There are examples of both stands being taken by RBI. While RBI declined the proposal for a higher than 10 percent shareholding by HDFC Ltd in Bandhan Bank during the Gruh Finance deal, the regulator has in the past made exceptions in the case of Catholic Syrian Bank where it allowed Fairfax Holdings to take 51 percent stake and also LIC to take over majority stake in IDBI Bank.

Ravneet Gill, who took reins of the bank in March this year, was tasked with repairing the bank’s balance sheet and raise confidence capital after RBI ousted it's founding promoter Rana Kapoor as managing director and chief executive officer of the bank.

The bank’s stock price has been under pressure due to concerns about its asset quality and fell to a decade low of Rs 29.05 on October 1 on the Bombay Stock Exchange.

Yes Bank’s capital adequacy ratio slipped to at 15.7 percent as of June 30 versus 17.3 percent during the same quarter last year, with Common Equity Tier-1 ratio at 8 percent.

The bank reported a massive quarterly loss in the June quarter, worsened by large provisions for bad loans. It reported gross non-performing assets of 5.01 percent in the quarter ending June 30th compared to 3.22 percent in the previous quarter, while maintaining a watch list of Rs 10,000 crores of exposure, which is potentially at the risk of turning bad.

Given the stress in the bank, and its dire need of capital to tide over the current crisis, RBI may well make an exception with certain conditions.

Commenting on the news, Krishnan ASV, vice-president of SBI Cap Securities told CNBC-TV18 that, “Entire risk of whether Yes Bank survives in its current avatar can now be evaded.”
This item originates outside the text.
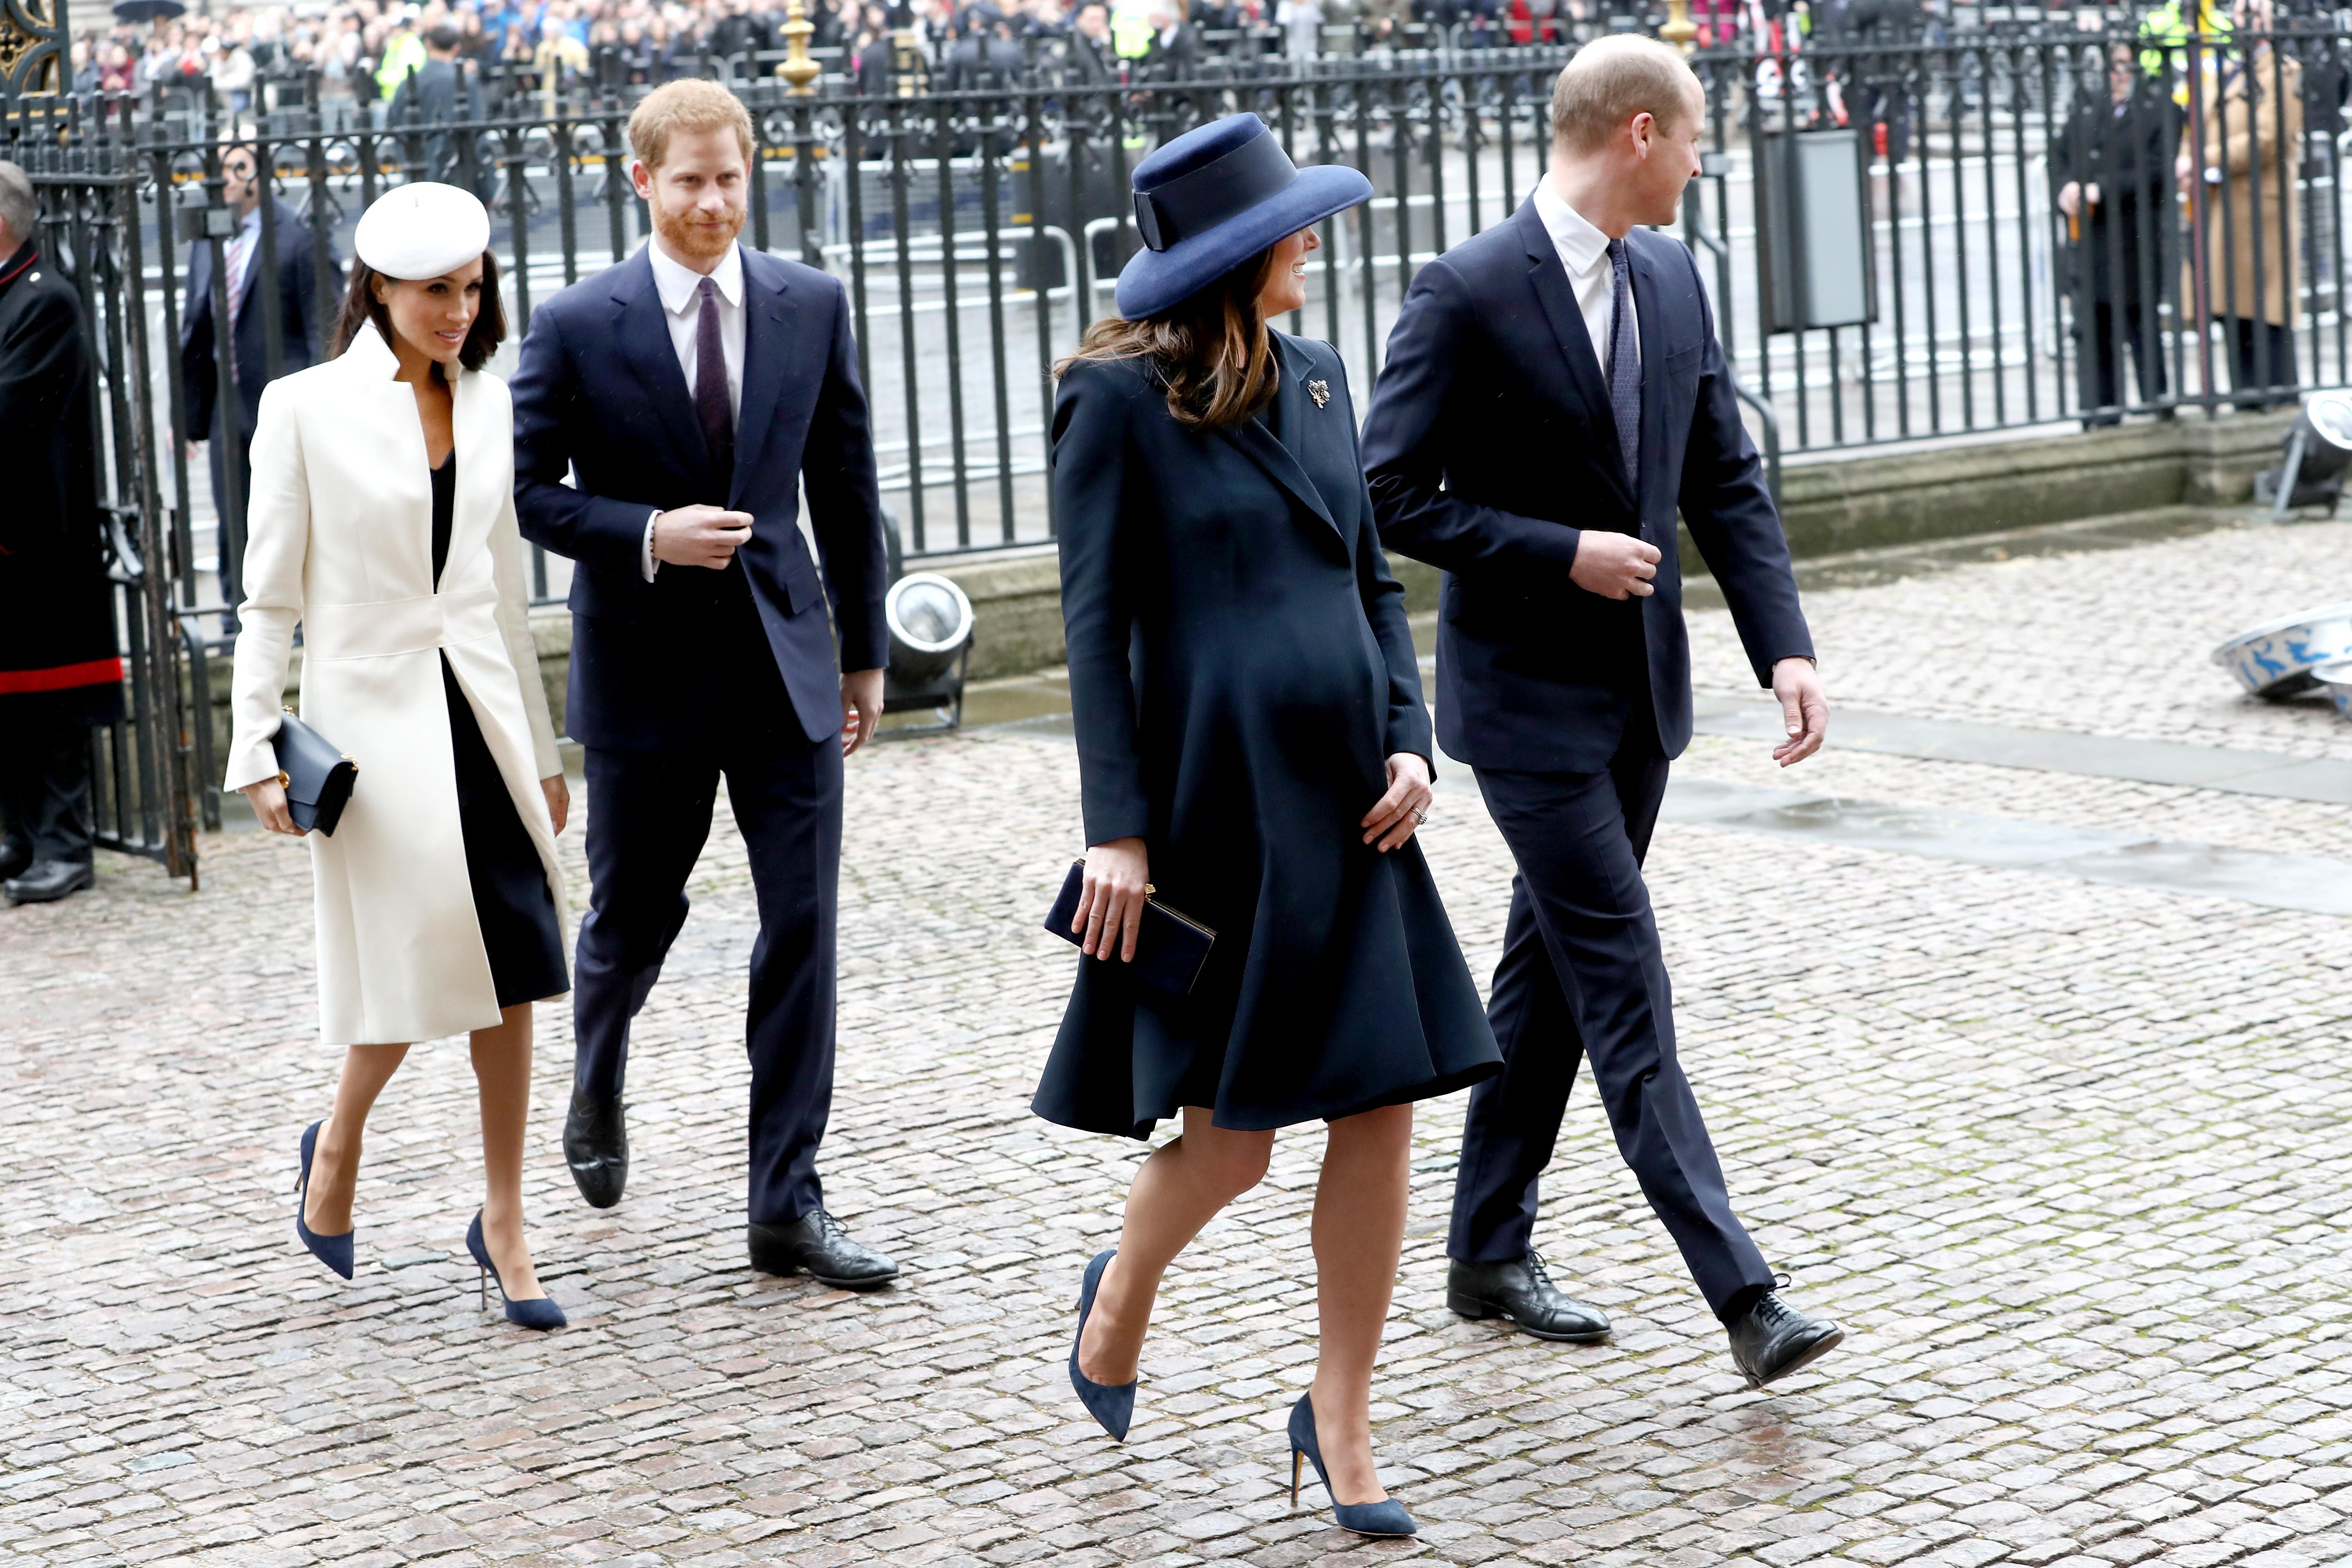 Kate Middleton e Meghan Markle costumam apostar em looks de cores sóbrias

He added that if RBI makes an exception for Yes Bank and permits a higher shareholding, then it could do so with a sunset clause condition, for instance.

Investor Name Not Disclosed

On October 3, Ravneet Gill, in a conference call with analysts, said, “We have been engaged with the regulator which of course I am not at liberty to discuss over here. But I think the issue is that there are 3 constituencies of investors that we are effectively engaged with. As I mentioned to you, first is private equity, second is certain strategic investors, and the third is family offices."

Yes Bank has not disclosed the name of this investor who is looking to infuse $1.2 billion into the bank. The identity of this investor will be key. From an RBI point of view, a well-diversified and regulated financial entity or investor is sure to find more favour.

Reports had also suggested that a technology company could potentially pick up a large stake in Yes Bank. If this comes to be true, then RBI would be setting a new precedent by granting such an approval.

For now, the stamp of confidence from this unknown investor was enough to give hope to the investors, sending the stock zooming over 30 percent in trade today.

Krishnan told CNBC-TV18, "We are in an especially weak credit environment. You have seen banks during this earnings season letting investors know that things may not be smooth riding over the rest of FY20. The Yes Bank needs patient capital right now. For every bad news, you can’t keep hammering the stock because then the stock will only go one way. Sometimes the fundamentals need to take over. If this is patient capital, then it will be good news."